I don't know... I would need to dig *much* deeper into this.

I vaguely recall looking at the RX path cbpf filtering logic years ago and
coming to the conclusion it was OK.  But I make no guarantees.

I still find skb's to be absolutely chock full of magic ;-)

> Would it be an option to change your AF_PACKET socket to ignore outgoing
> traffic?

That's what the linked patch does.  And, no, we want to see both what we send
and the responses (or lack there-of).
>
> For some of the daemons (listed above) it might be possible to ignore
> outgoing packets, and thus not enable the TX hook and thus avoid the skb
> cloning.

Right, but that's not the case here.

> >> (In the TX path the filter appears to get called *after* the clone,
> >> I think that's unlike the RX path where the filter is called first)
> >>
>
> I don't fully understand what you are saying here.
> Is the RX path affected or not?

I think it isn't... but I have yet to devote the time to really
understand the topic.

> >> Unfortunately, I don't think it's possible to eliminate the
> >> functionality this socket provides.
> >> We need to be able to log RX & TX of ARP/DHCP/ND for debugging /
> >> bugreports / etc.
> >> and they *really* should be in order wrt. to each other.
> >> (and yeah, that means last few minutes history when an issue happens,
> >> so not possible to simply enable it on demand)
> >>
> >> We could of course split the socket into 3 separate ones:
> >> - ETH_P_ARP
> >> - ETH_P_IP + cbpf udp dport=dhcp
> >> - ETH_P_IPV6 + cbpf icmpv6 type=NS/NA/RS/RA
> >>
> >> But I don't think that will help - I believe we'll still get
> >> skb_clone() for every outbound ipv4/ipv6 packet.
> >>
>
> I assume this would not help, as it would travel same code path, to
> dev_queue_xmit_nit, right?

It would not help - except - that we would have multiple sockets,
and thus the filters on each would be much simpler...
which in turn means some sort of
  'is there a byte with value X at offset Y'
prefilter would become feasible.

> >> I have some ideas for what could be done to avoid the clone (with
> >> existing kernel functionality)... but none of it is pretty...
> >> Anyone have any smart ideas?
> >>
> >> Perhaps a way to move the clone past the af_packet packet_rcv run_filter?
> >> Unfortunately packet_rcv() does a little bit of 'setup' before it
> >> calls the filter - so this may be hard.
> >
> >
> > dev_queue_xmit_nit() also does some 'setup':
> >
> > net_timestamp_set(skb2);  (This one could probably be moved into
> > af_packet, if packet is not dropped ?)
> > <sanitize mac, network, transport headers>
> >
>
> Regarding AF_PACKET socket to ignore outgoing, I think the
> (ptype->ignore_outgoing) in top of dev_queue_xmit_nit() list-loop is
> doing that trick and thus avoids the skb_clone().

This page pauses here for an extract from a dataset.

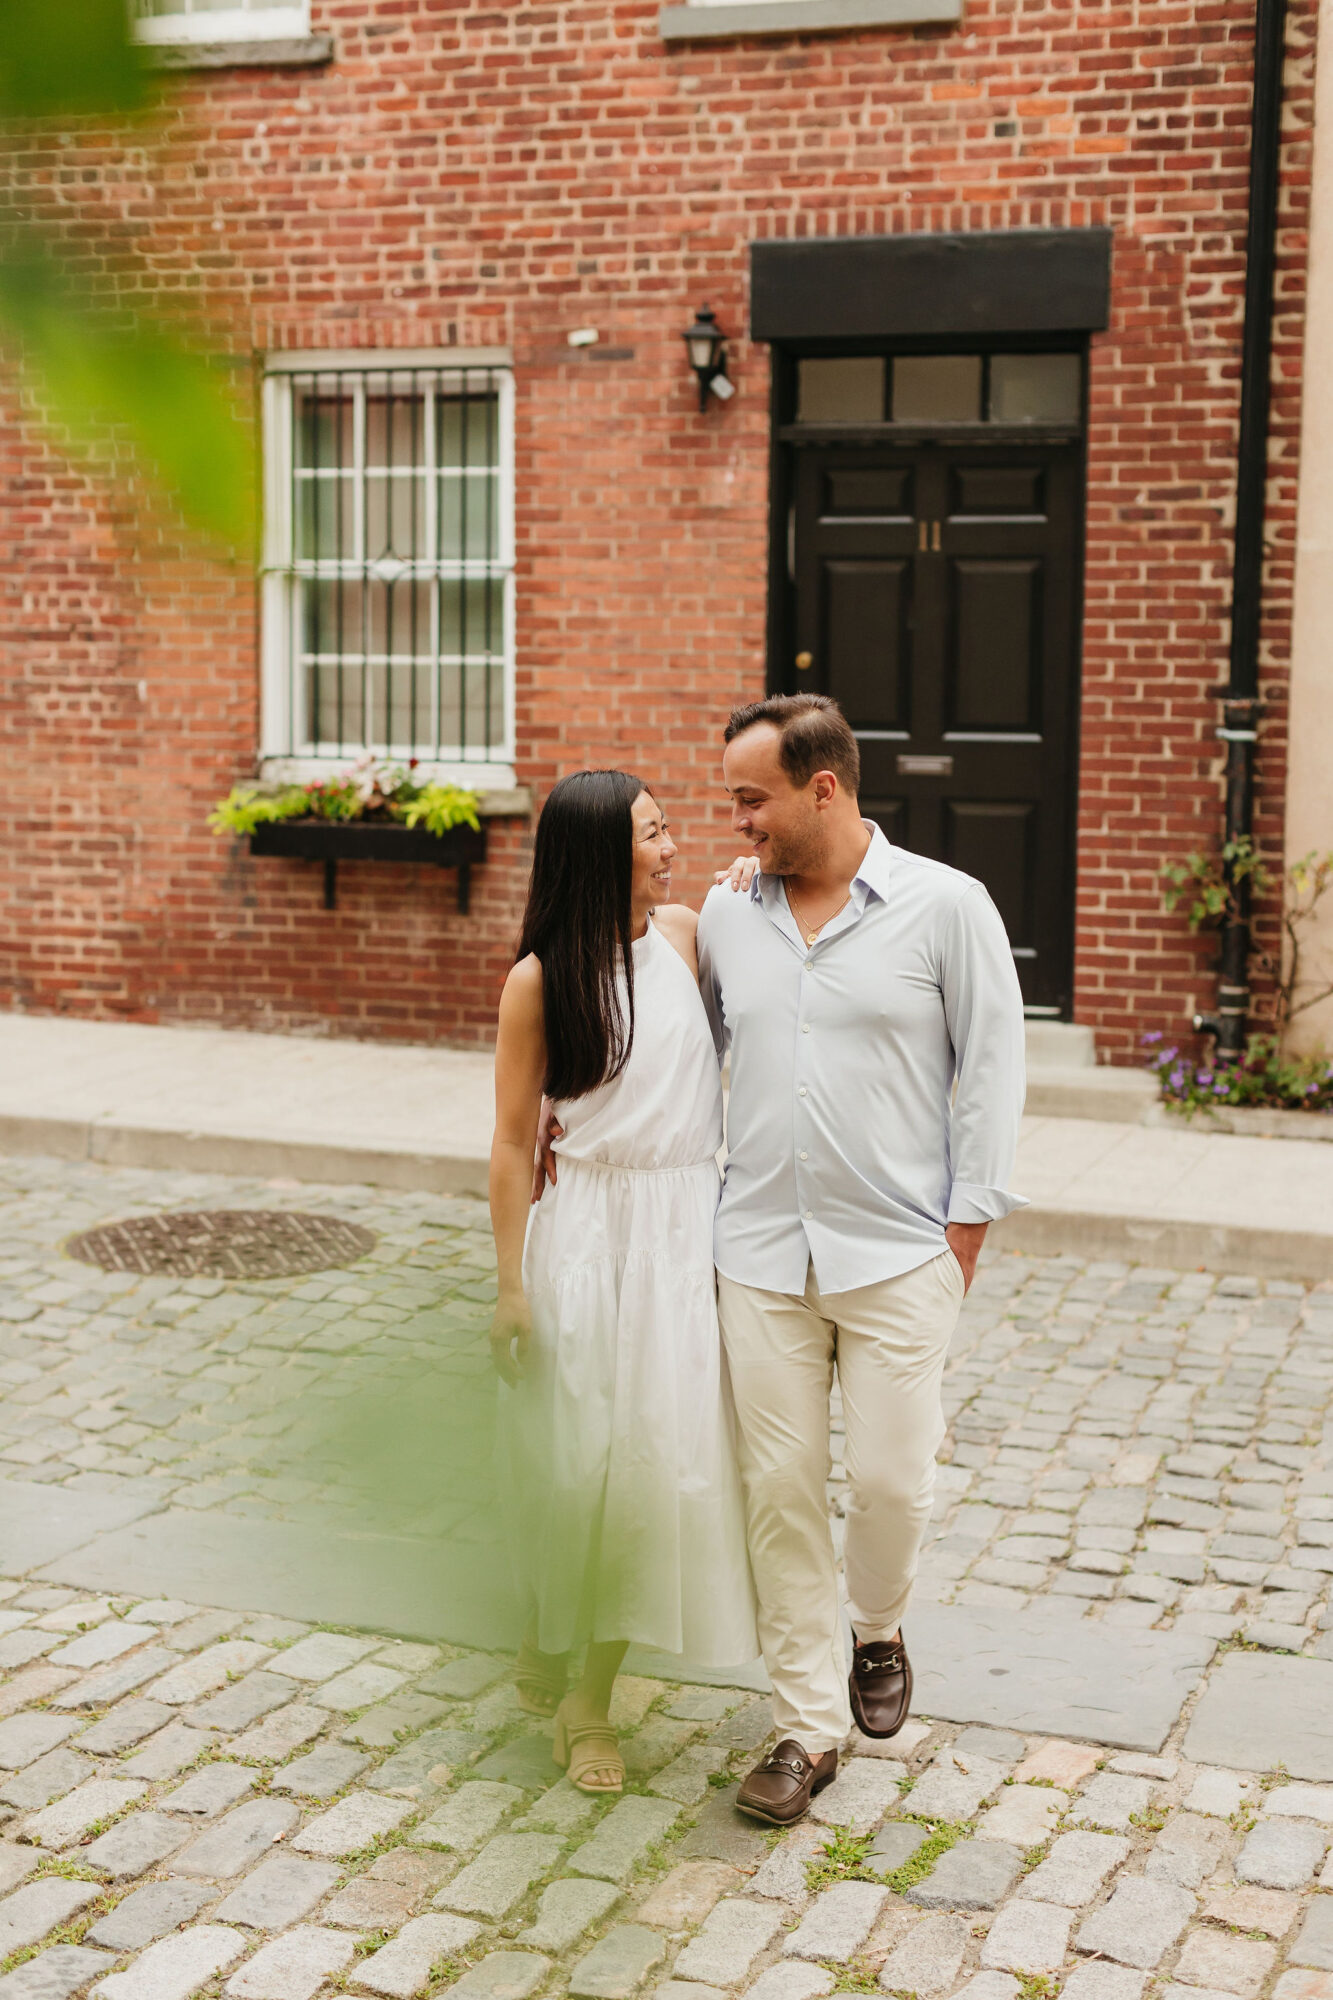 greenwich village, engagement photos, new york city streets, white dress
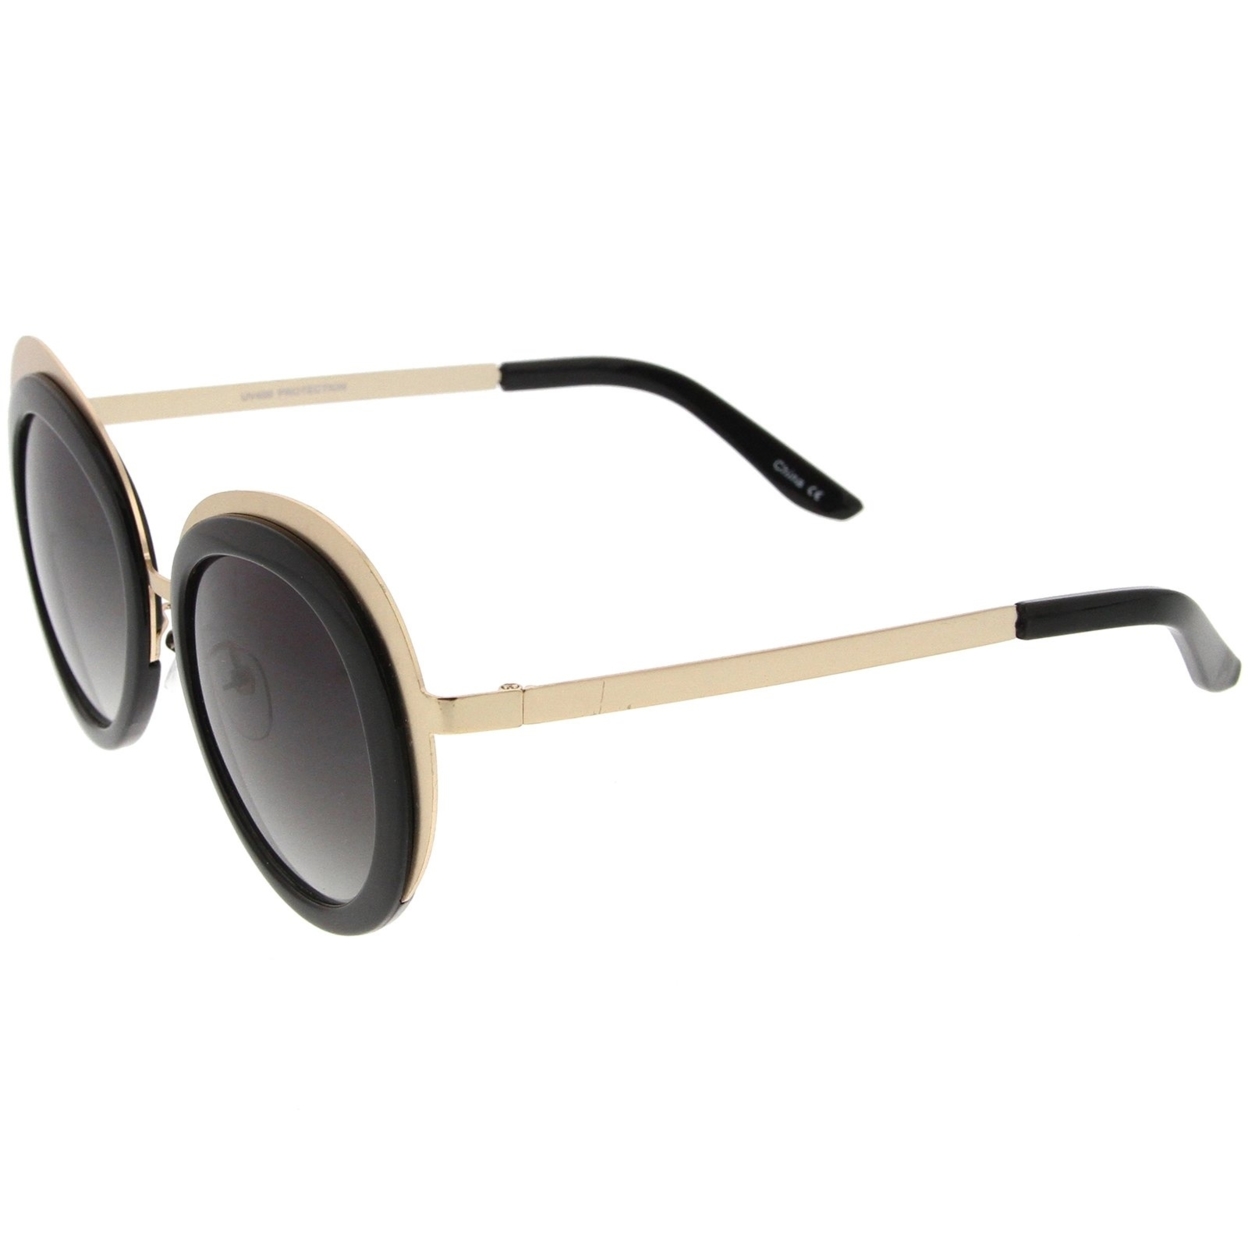 Women's Oversize Two-Tone Metal Frame Border Round Sunglasses 50mm - Gold-Tortoise / Amber

Yes, I agree (and this part I did see before I started the thread).

> >> Or an 'extra' early pre-filter hook [prot_hook.prefilter()] that has
> >> very minimal
> >> functionality... like match 2 bytes at an offset into the packet?
> >> Maybe even not a hook at all, just adding a
> >> prot_hook.prefilter{1,2}_u64_{offset,mask,value}
> >> It doesn't have to be perfect, but if it could discard 99% of the
> >> packets we don't care about...
> >> (and leave filtering of the remaining 1% to the existing cbpf program)
> >> that would already be a huge win?
> >
> > Maybe if we can detect a cBPF filter does not access mac, network,
> > transport header,
> > we could run it earlier, before the clone().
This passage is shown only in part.